*DATASET EXCERPT*:
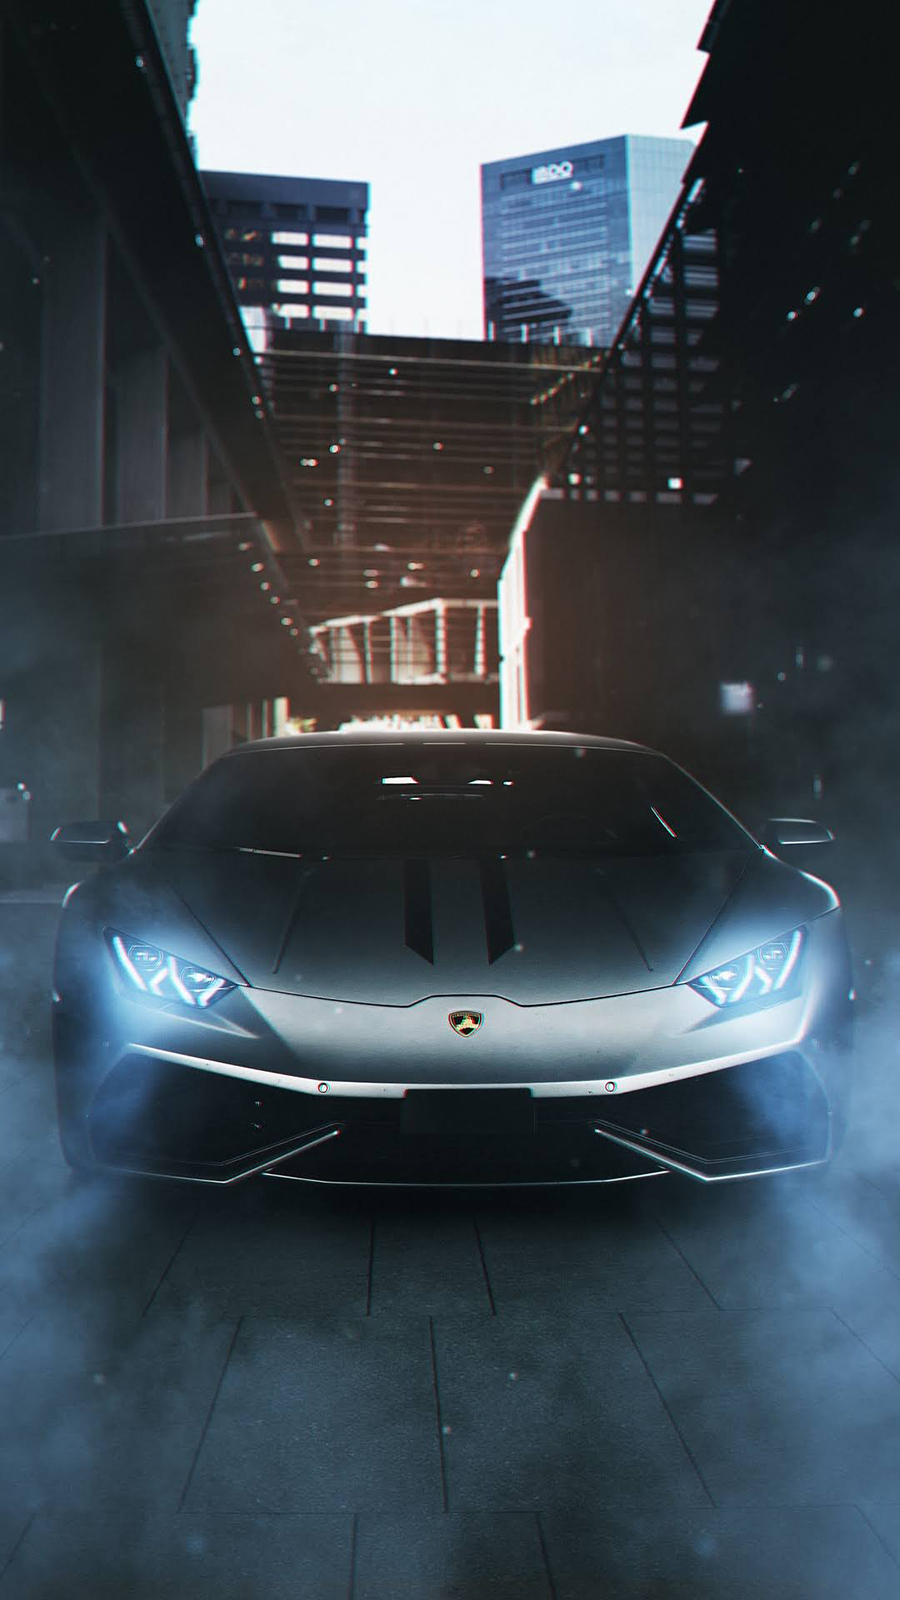 Lamborghini Car Hd Wallpapers For Mobile
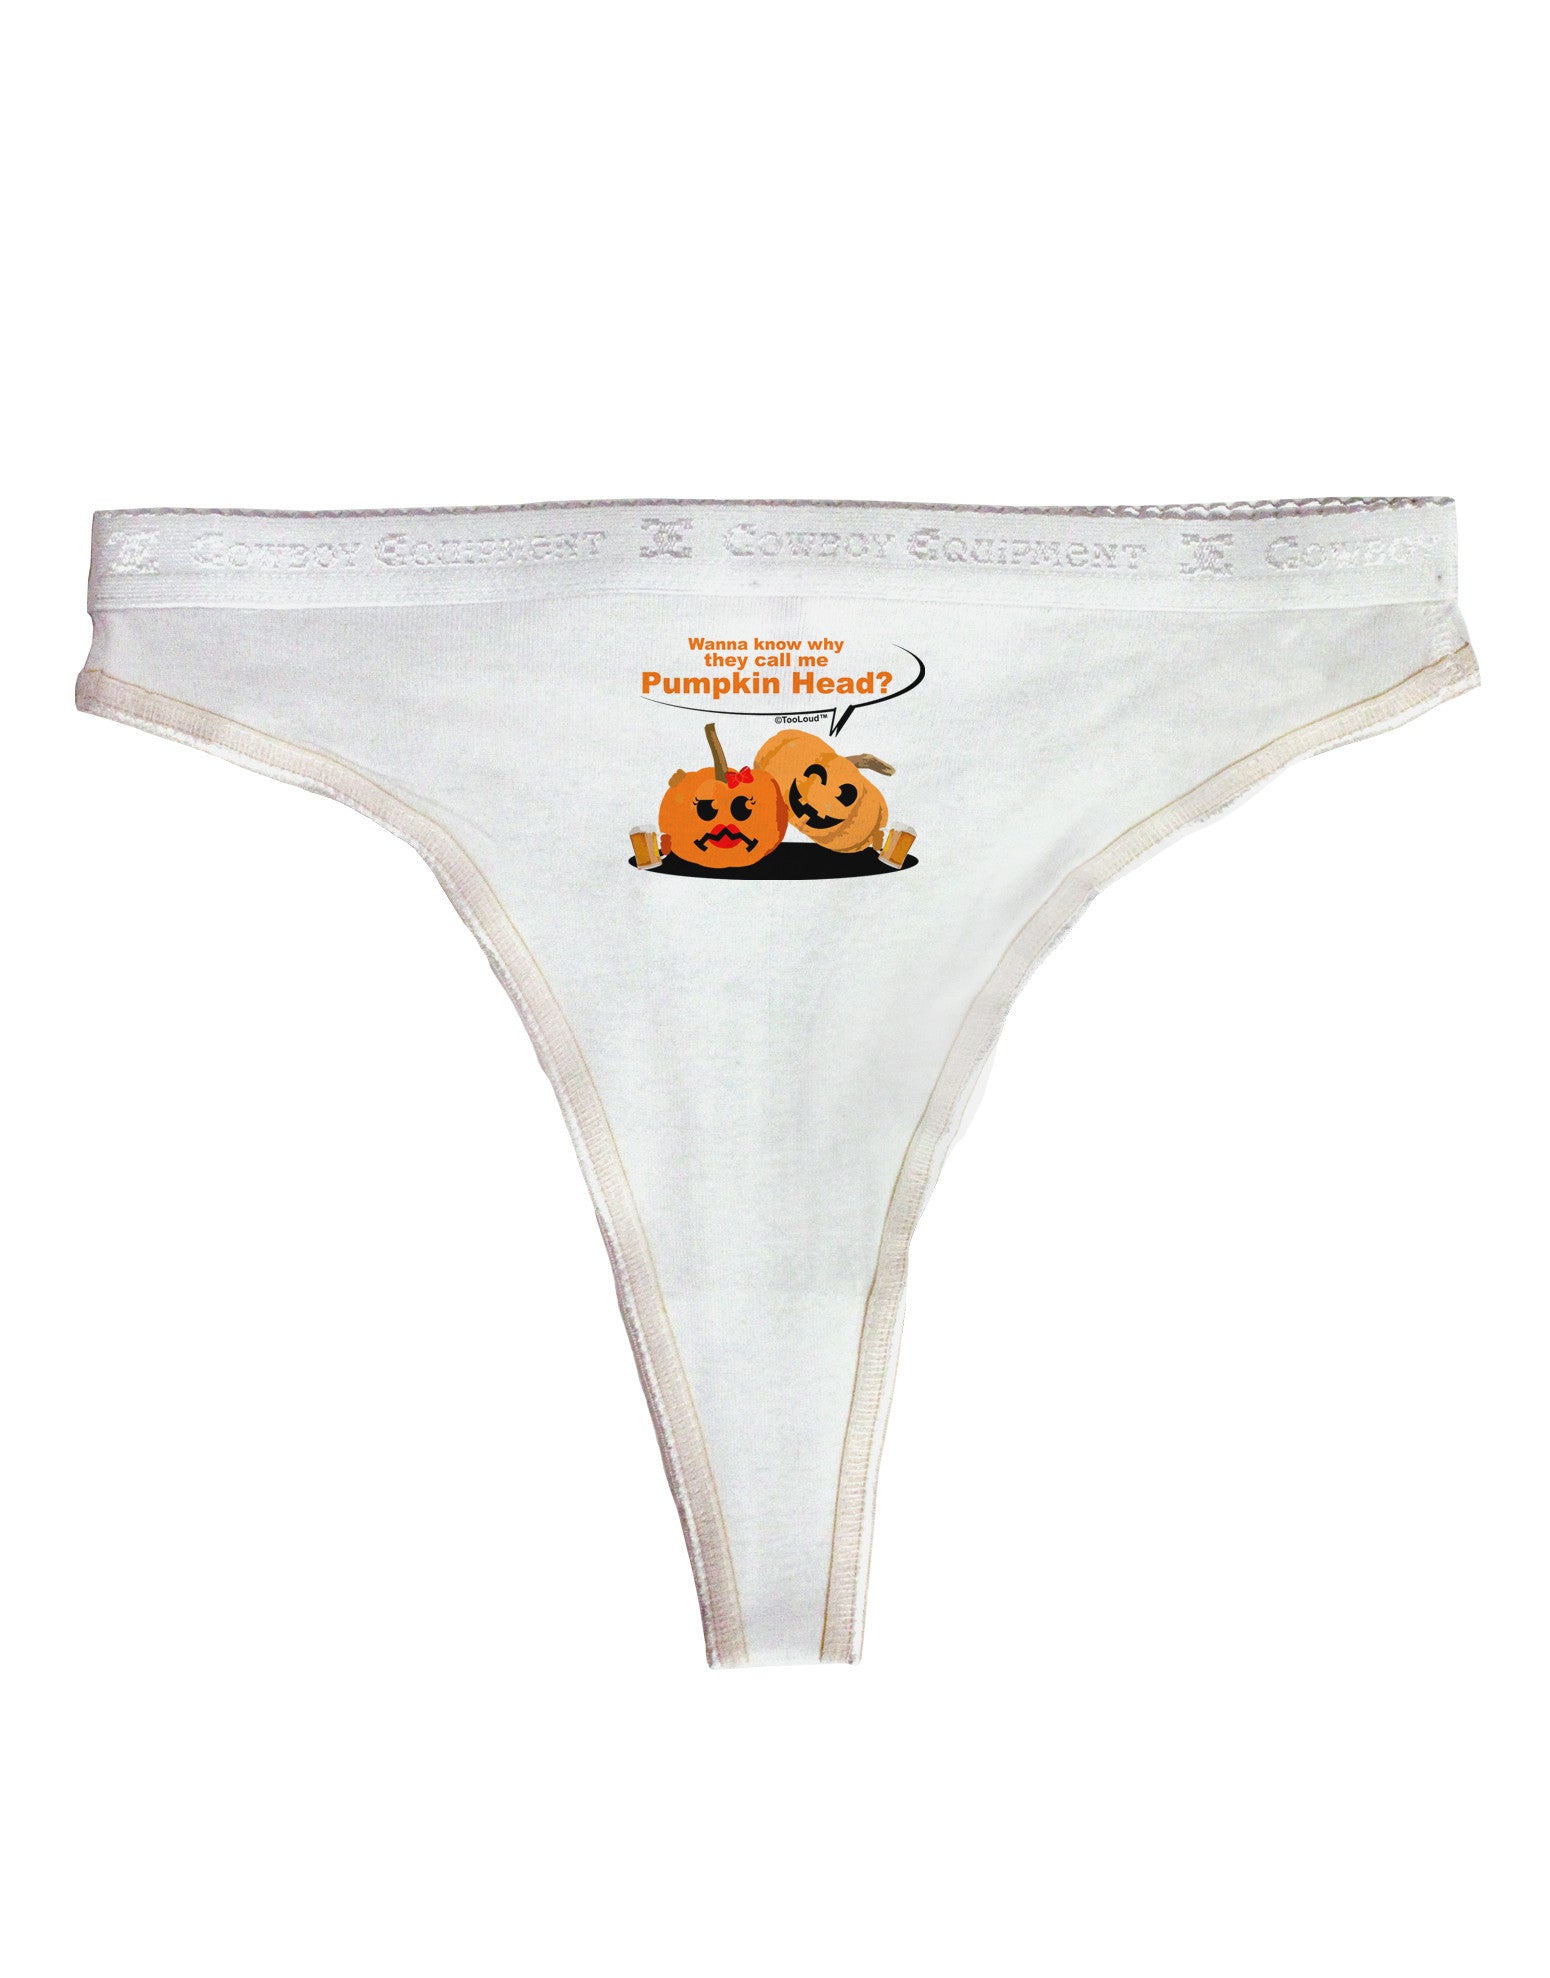 Halloween Pumpkins Mens NDS Wear Briefs Underwear Small Tooloud - Davson  Sales
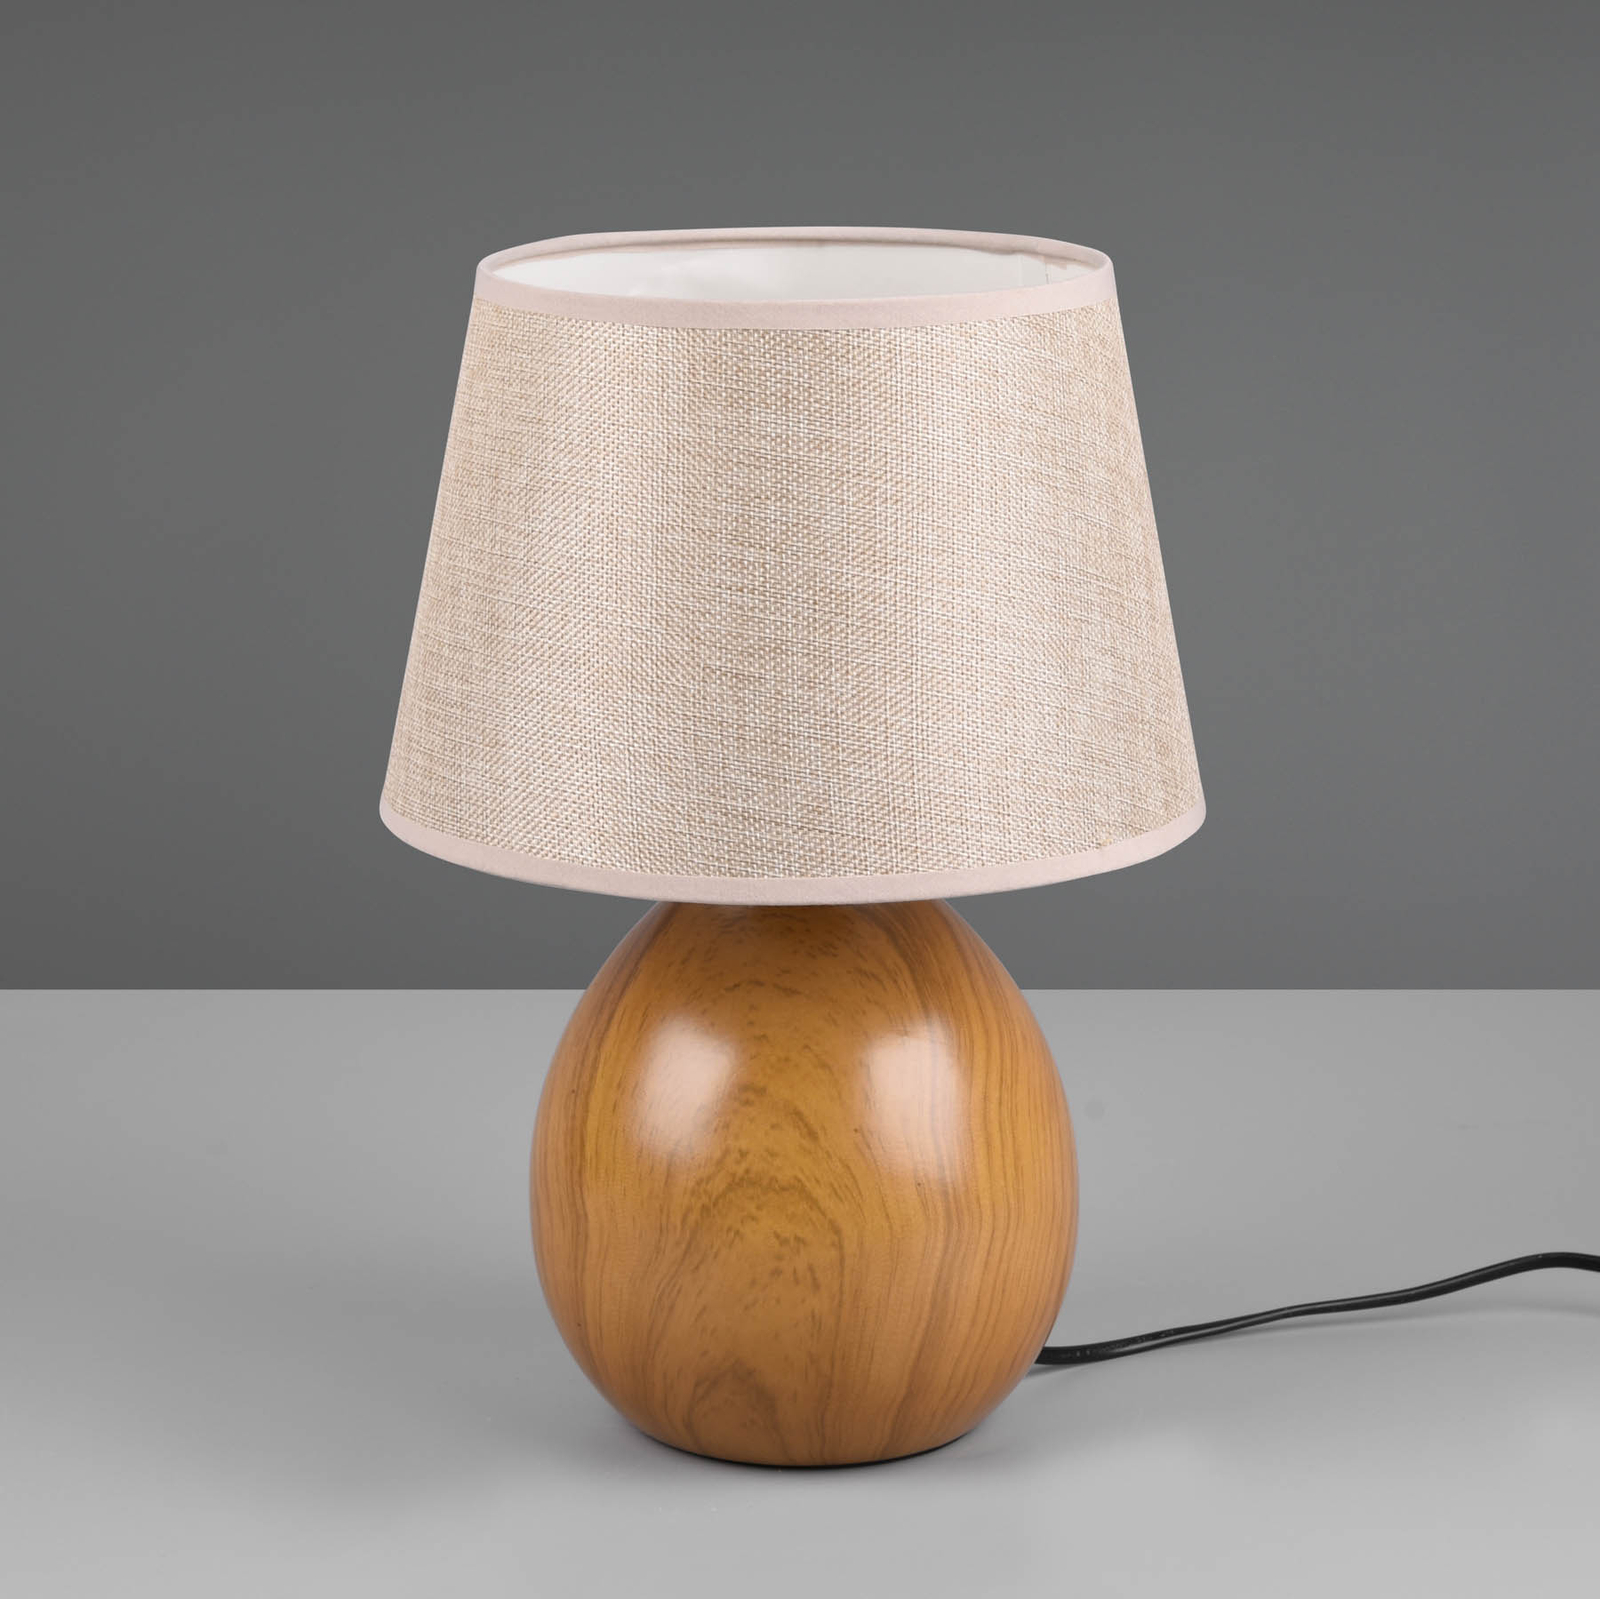 Loxur table lamp, height 35 cm, beige/wood look

*WHAT TO DO*:
Please write out, word for word, each line from the one with "Halloween Pumpkins Mens" to the last line of the data, keeping both ends and omitting pictures.

*YOUR RESPONSE*:
 Halloween Pumpkins Mens NDS Wear Briefs Underwear Small Tooloud - Davson  Sales
 Loxur table lamp, height 35 cm, beige/wood look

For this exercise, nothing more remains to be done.